В Кремле объяснили стремительное вымирание россиян
Майя Плисецкая: Я была хулиганистая, и меня хотели скорее отдать хоть куда-нибудь Назад
Майя Плисецкая: Я была хулиганистая, и меня хотели скорее отдать хоть куда-нибудь
- Кто первый сказал: Майя должна стать балериной?

- Точно не помню. Меня отдали в балет, когда мне было 8 лет, даже немножко меньше. Отдали, потому что я была довольно хулиганистая, и меня хотели скорее отдать хоть куда-нибудь. Ну и отдали в балет. Я смутно понимала - что это, но импровизировала, когда играла музыка. Я помню, моя мама, когда мы были на Шпицбергене, ставила для самодеятельности какую-то оперу, и была фотография, где я стою в позе. Очень хорошее чувство позы, а мне было всего 7 лет, и балета еще никто не показывал.

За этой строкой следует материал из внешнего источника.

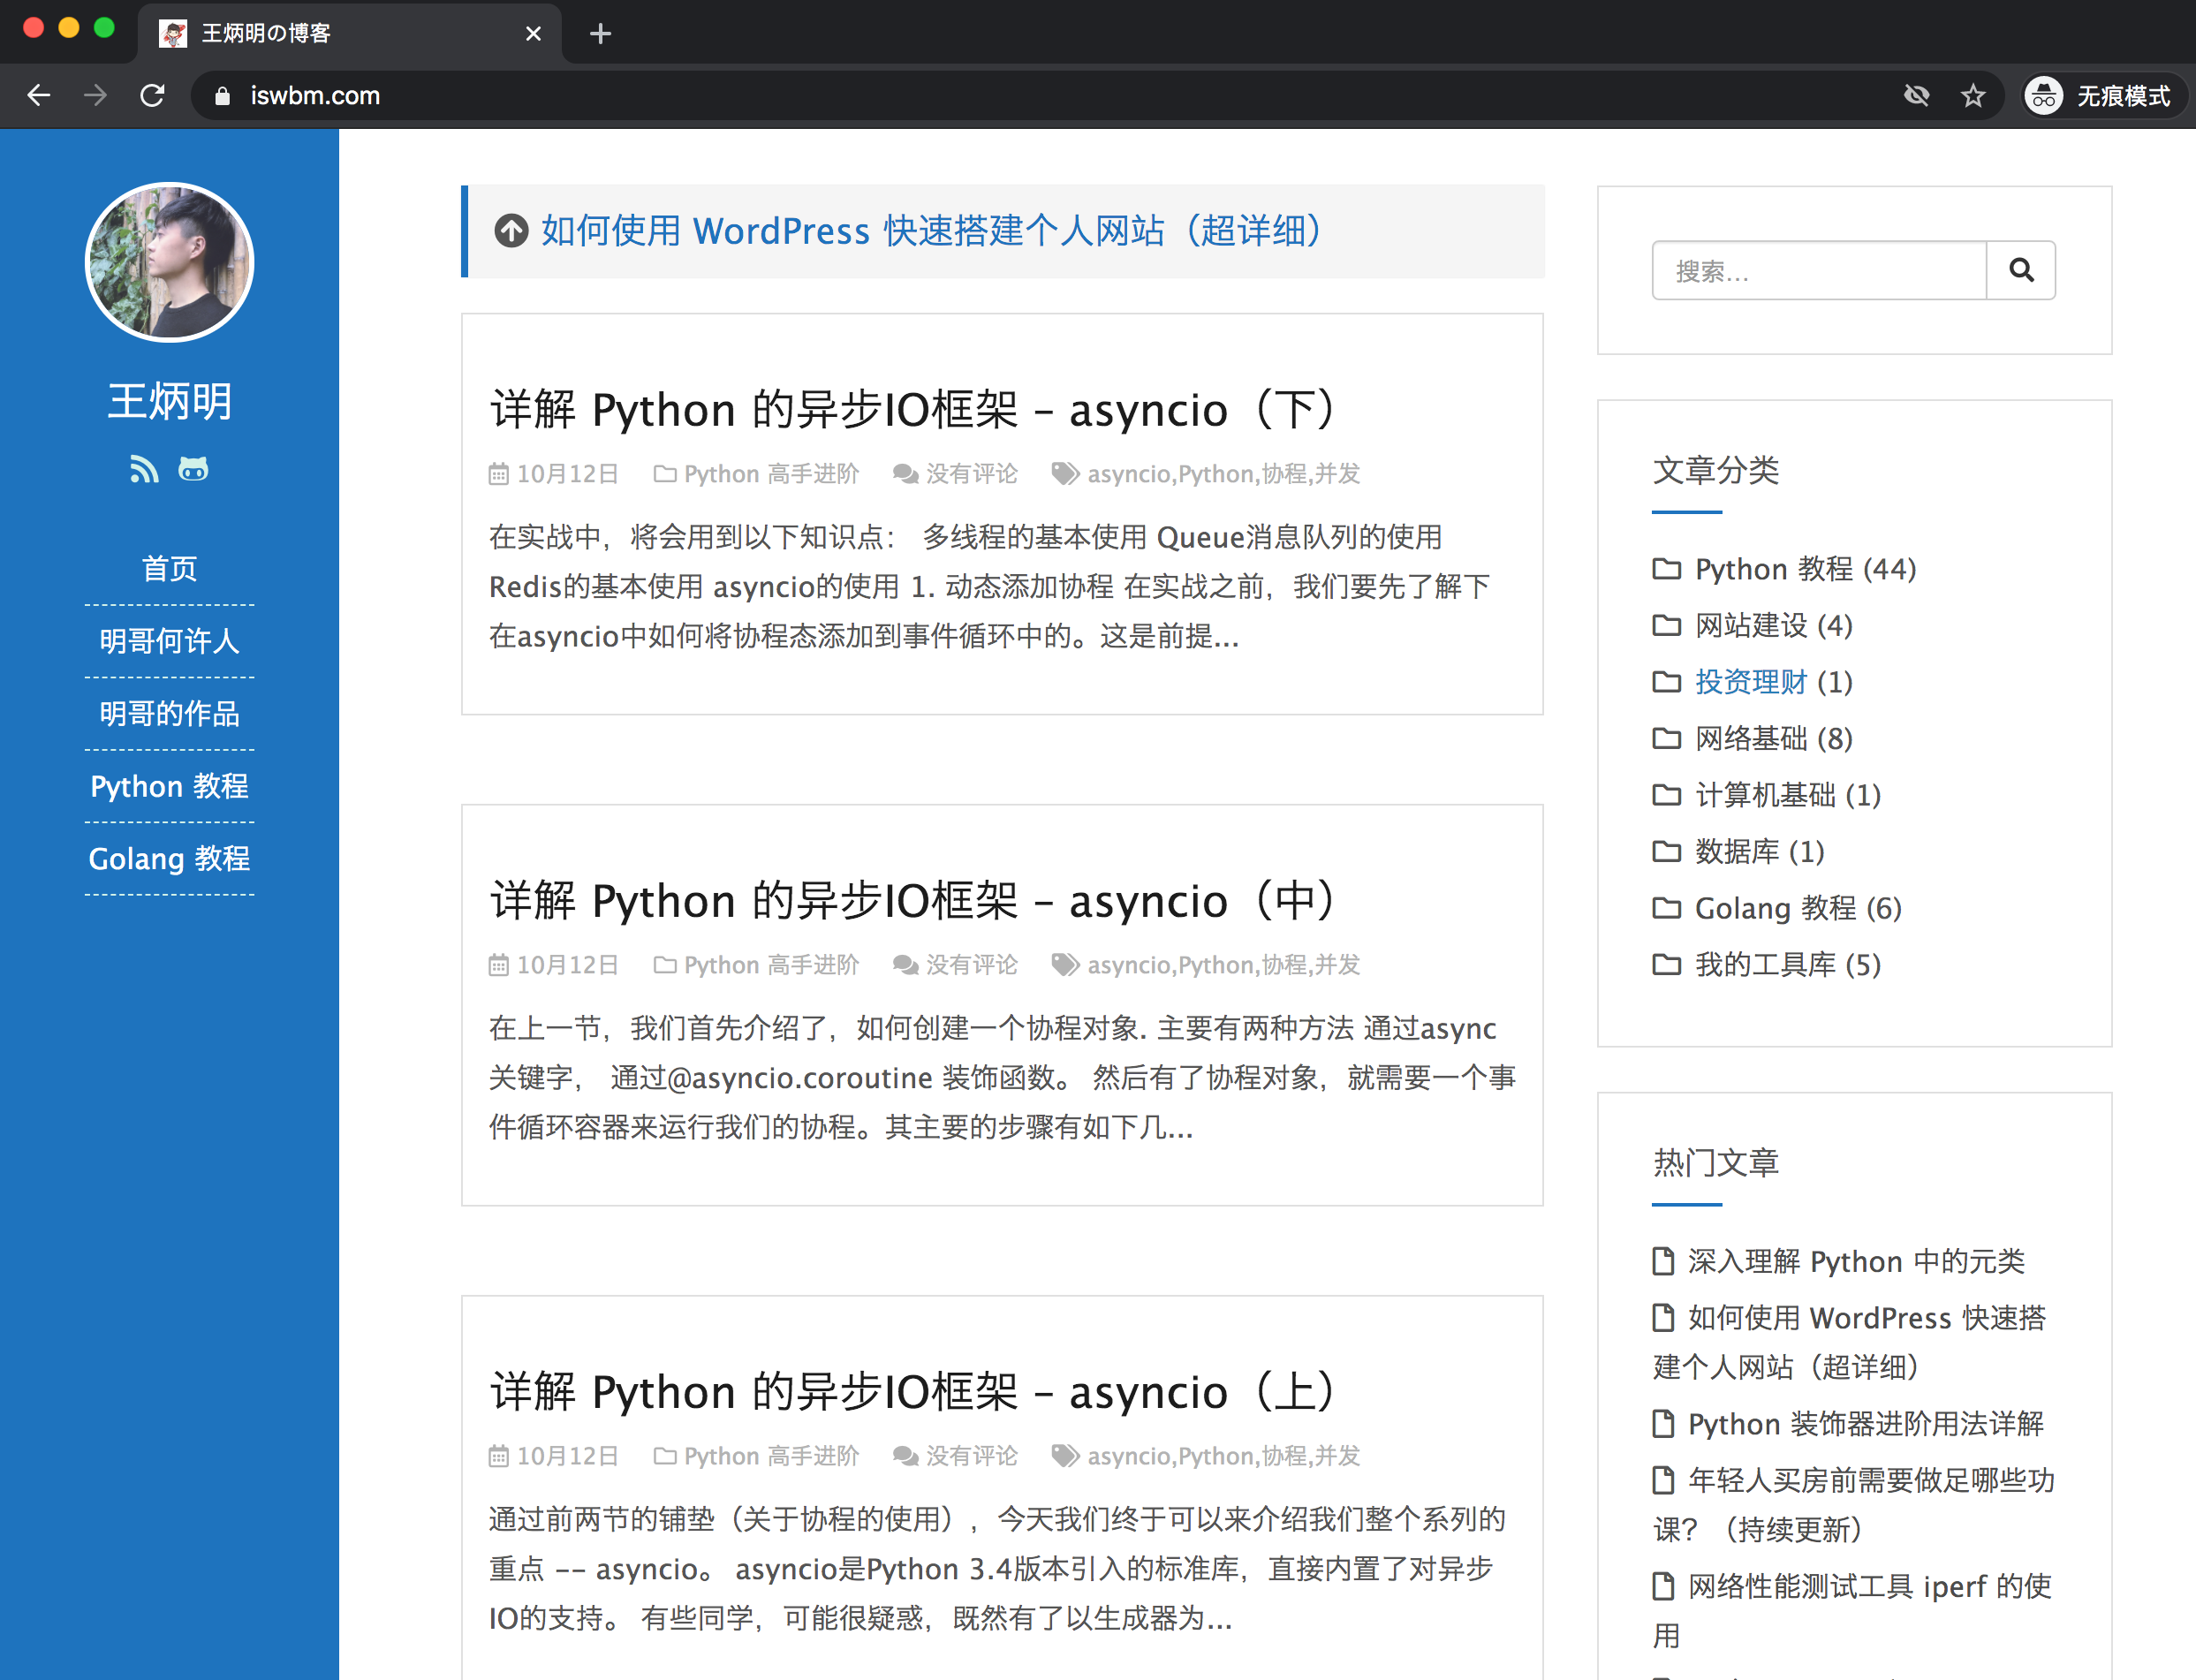 超详细图解 WordPress 搭建个人网站插图(1)

- У вас семья артистически-балетная. Мама - Ра Мессерер - была актрисой немого кино, а ваши тетка и дядя - Суламифь и Асаф Мессерер, тогдашние звезды Большого балета, любимая балетная пара Сталина. Хотелось подражать им?

- Больше нравилась драма. Другая моя тетка - Елизавета, она была драматическая актриса, часто водила меня в театр, и мне это безумно нравилось. Всегда хотелось играть именно в драме. Я думаю, что к сцене вообще у меня было призвание, потому что всегда, с детства мне было интересно сделать роль. Я думаю, артистичность - это то, что бывает от природы. Можно выработать шаг, можно выработать технику... Артистичность выработать нельзя. Ни в каком виде искусства.

- Но все же техника, школа - важные элементы танца. Кто из педагогов учил основам?

- От класса я ничего не вбирала. Как все, я стояла лицом к станку, потом боком к станку... Даже не помню этого. Запомнилось другое. Когда (уже окончив школу) я только-только пришла в театр, один месяц там со мной работала Ваганова. Она одним замечанием, одним словом ставила все на место. Она про балет знала все.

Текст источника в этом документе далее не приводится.